Emma Wolukau-Wanambwa
Of Houses and Death
Since 2011 Emma Wolukau-Wanambwa has been researching the cultural legacies of British colonialism in East Africa. Of particular interest to her have been the “mnemonic technologies” that were introduced to the region during the colonial period (e.g. the museum, the book, the governmental archive), as well as unsuccessful/unrealized utopian projects of European Settlement in “empty” East Africa: the “Freeland Colony” (founded by Austrian Theodor Hertzka and Welshman Alfred Wallace in the 1890s), and the British proposal, in 1903, to create the State of Israel on the banks of Lake Victoria. Emma Wolukau-Wanambwa continued this research in Büchsenhausen, as well as working on a fictive account – based on a true story – of what happened to 7,000 Polish and Ukrainians during the Second World War. Deported in 1941 from a Siberian gulag, via Teheran and colonial India, to what was then the Protectorate of Uganda, they lived there without any contact with the indigenous population until 1952.

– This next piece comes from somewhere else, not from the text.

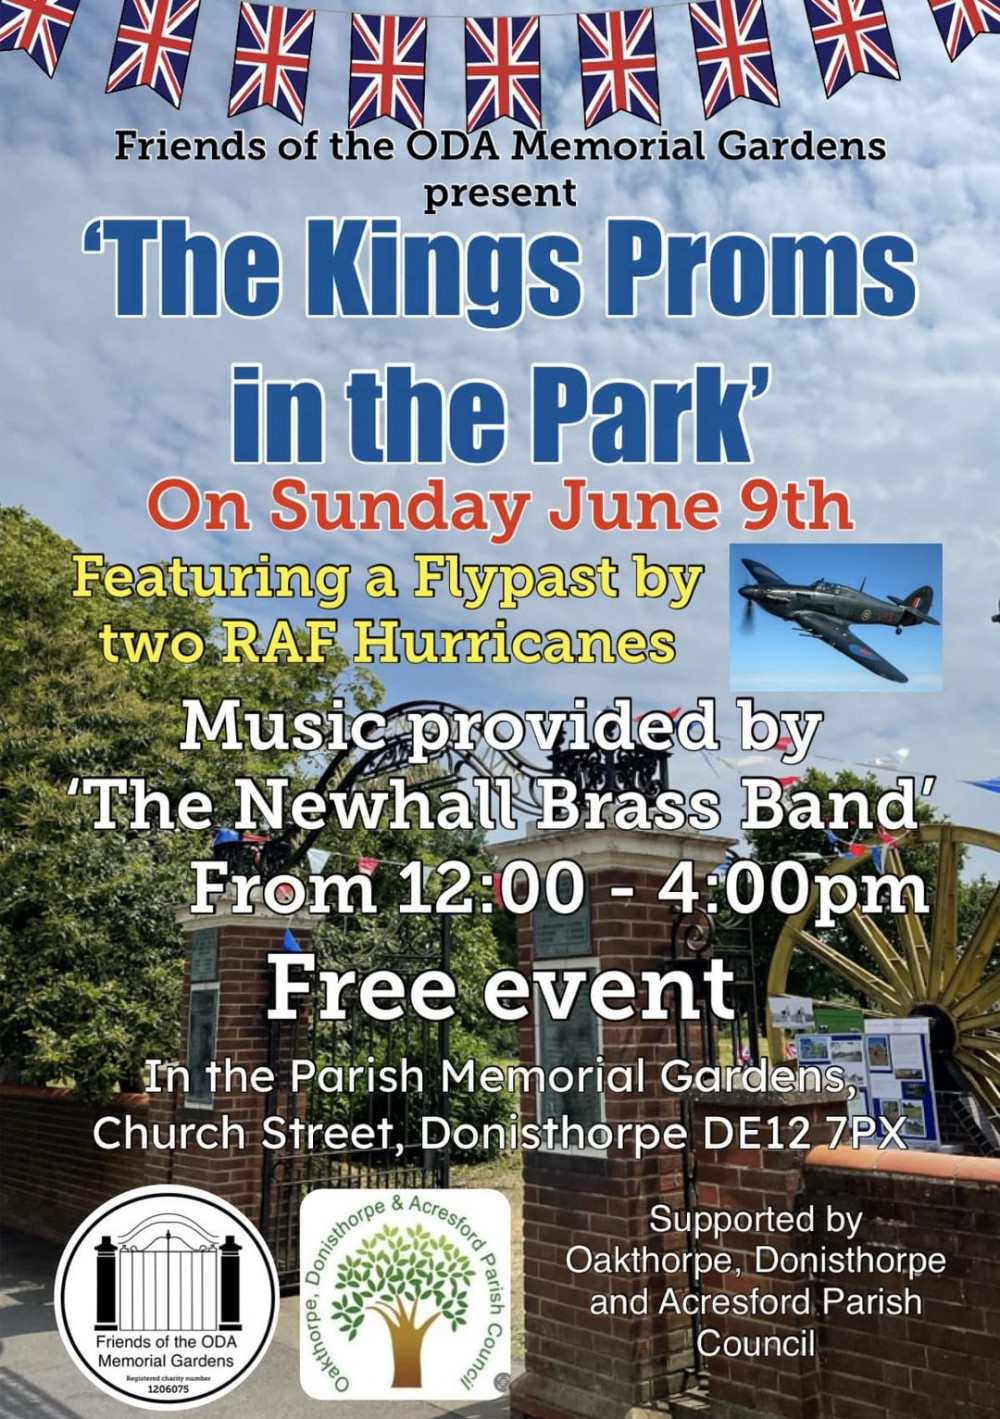 The King's Proms in the Park at the Parish Memorial Gardens, Donisthorpe, near Ashby de la Zouch

Emma Wolukau-Wanambwa *1976 in Glasgow, studied English Literature at Cambridge University, Cambridge (1995-98) and Fine Art at the Slade School of Fine Art, University College London (2006-08). Prior to joining the UdK Graduiertenschule, Berlin (2012-14), she was a participant in the LUX Associate Artists Program/UK (2009), and a Fine Art Researcher at the Jan van Eyck Academie (2012). Emma Wolukau-Wanambwa works in a wide range of media, including installation, sound, video, photography, printmaking and drawing. She has also recently begun writing. Her work has been shown in exhibitions and screenings, in among others Kampala/UG; Mainz; Vienna; Venice; Paris; London; Seville and Innsbruck. Emma Wolukau-Wanambwa received the grant of the City of Innsbruck in the context of the Inter-national Fellowship Program for Art and Theory at Künstlerhaus Büchsenhausen 2014-15.